Ayrıca, mevcut ekonomik baskılar şansölye tarafından göz ardı edilemez.
Hiçbir şirket anlaşmasının planlanmadığı bildirilse de, hızla artan yaşam maliyeti, yükselen enerji fiyatları, yüksek enflasyon ve avro bölgesi imalat ekonomisinin durgunluk içinde olduğuna dair sinyaller bu geziyi gölgeliyor.
İlişkiler her iki taraf için de çok önemli
Alman Dış İlişkiler Konseyi’nde Çin uzmanı olan Tim Rühlig şunları söyledi: “Çin-Alman ilişkileri, öncelikle ekonomik işbirliği nedenleriyle her iki taraf için de çok önemlidir.
“İki ülke stratejik bir ortaklıkla güvenilir bir ilişki geliştirdi.

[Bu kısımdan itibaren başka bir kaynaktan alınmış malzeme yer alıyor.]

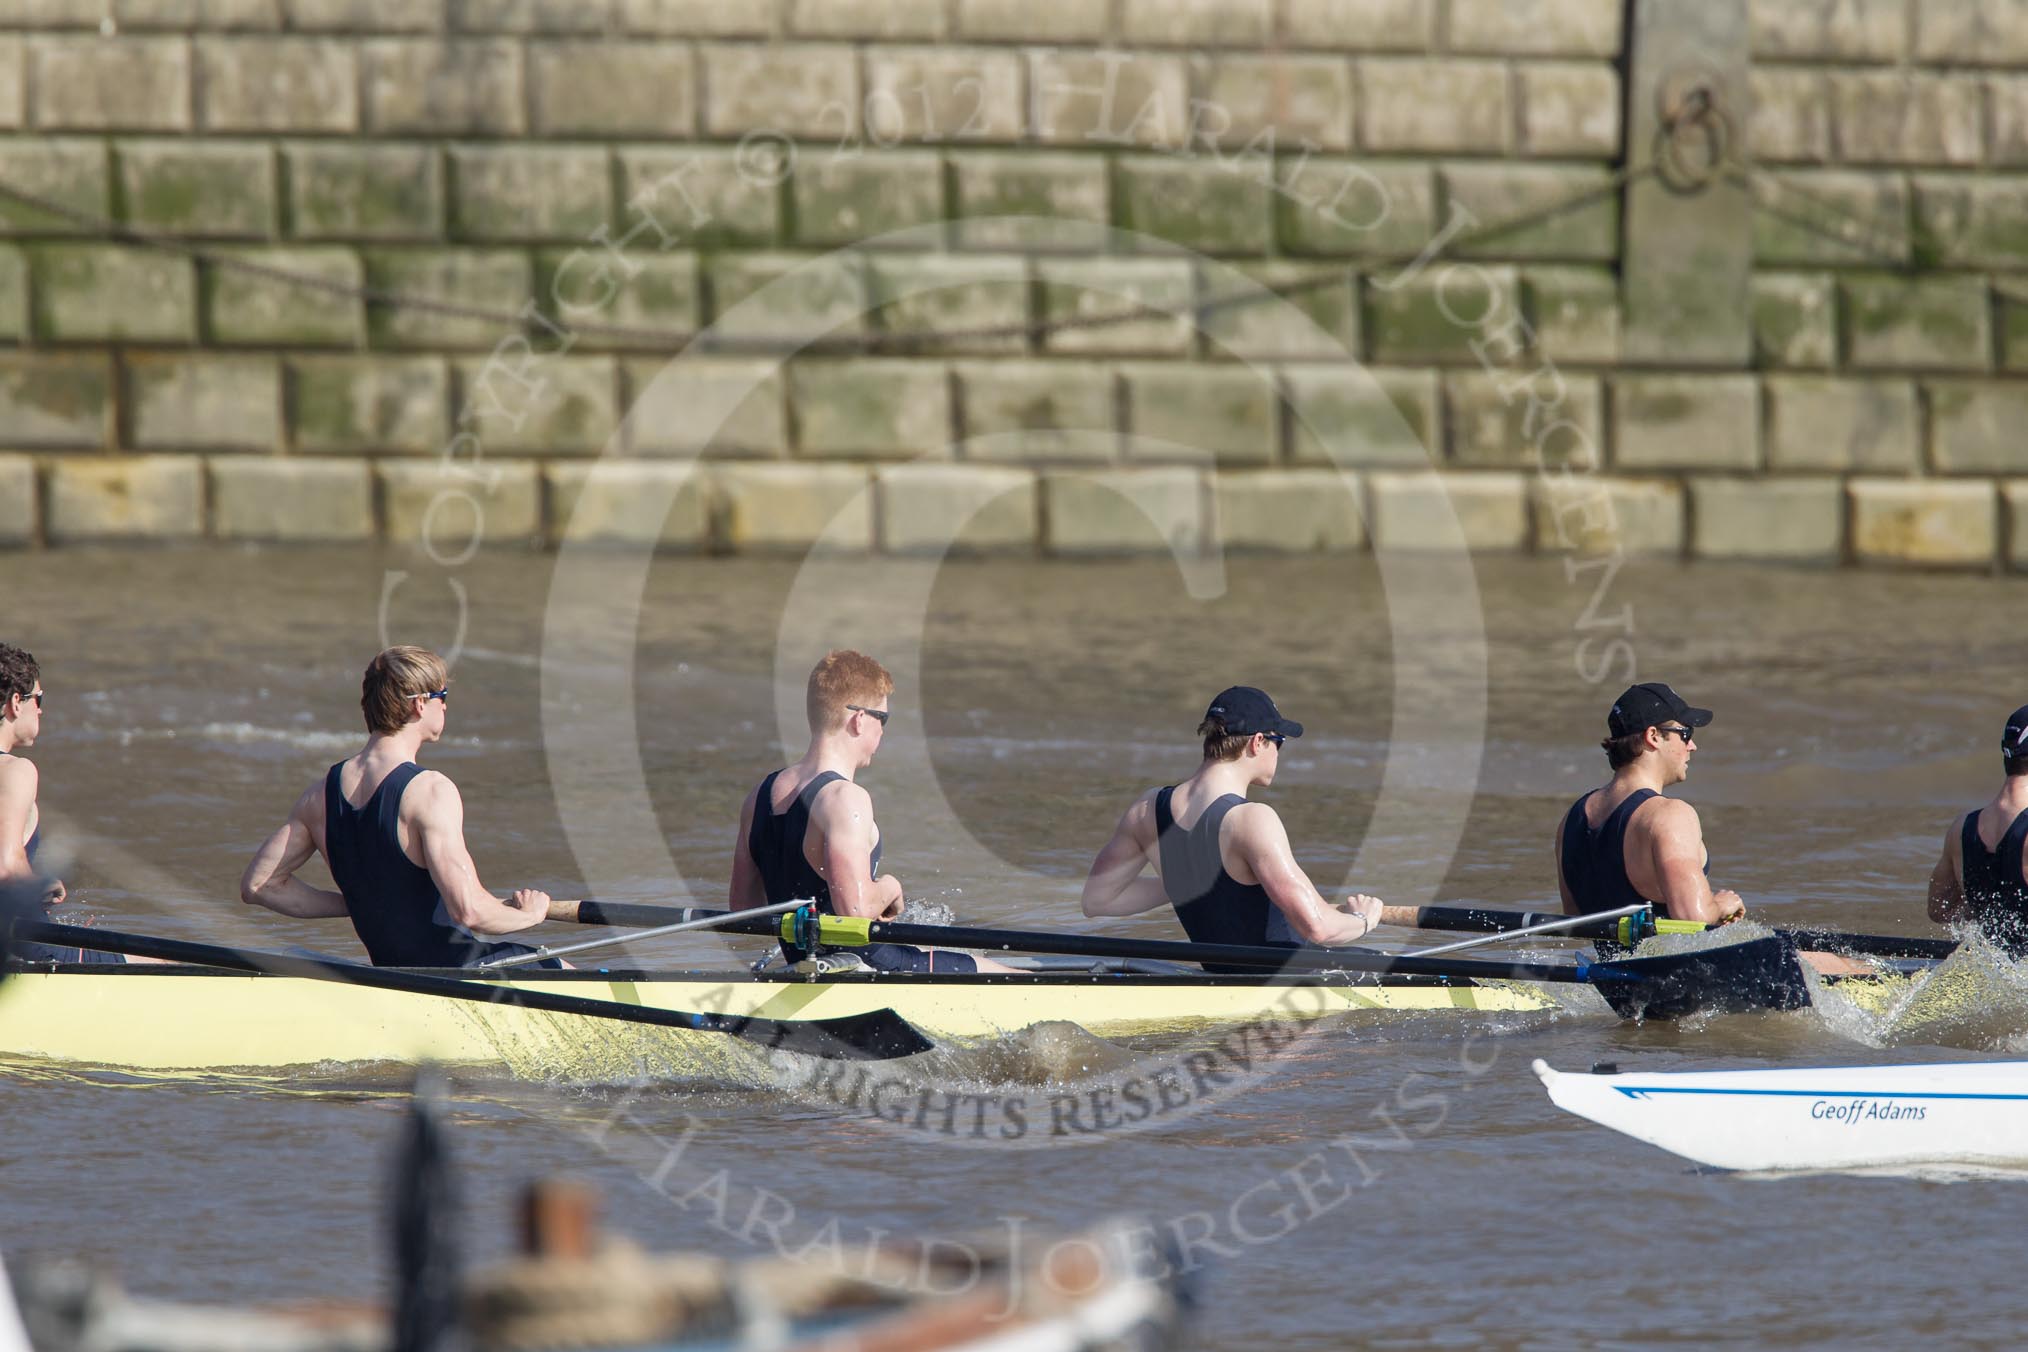 The Boat Race season 2012 - fixture OUBC vs Leander: The OUBC Isis crew racing Tideway Scullers -  Julian Bubb-Humfryes, Ben Snodin, Joe Dawson, Geordie Macleod, Justin Webb, and stroke Tom Watson..




on 24 March 2012 at 14:00, image #65

“Son birkaç yılda ilişkiler, özellikle Çin’in daha agresif uluslararası davranışı ve değişen jeopolitik bağlam nedeniyle zarar gördü.
“Çözüm, Çin’den tamamen ayrılmak değil, kritik bağımlılıkları azaltmaktır.
“Bu karmaşık, zaman alıcı ve maliyetli ama yeterli siyasi irade varsa yapılabilir.”
Potansiyel ekonomik, politik ve ahlaki sonuçlarla, şansölye, evde ve gemide Çin şüphecilerinin dikkatli bakışları altında, dikkatli bir şekilde basması gereken bir gergin ip ile karşı karşıya.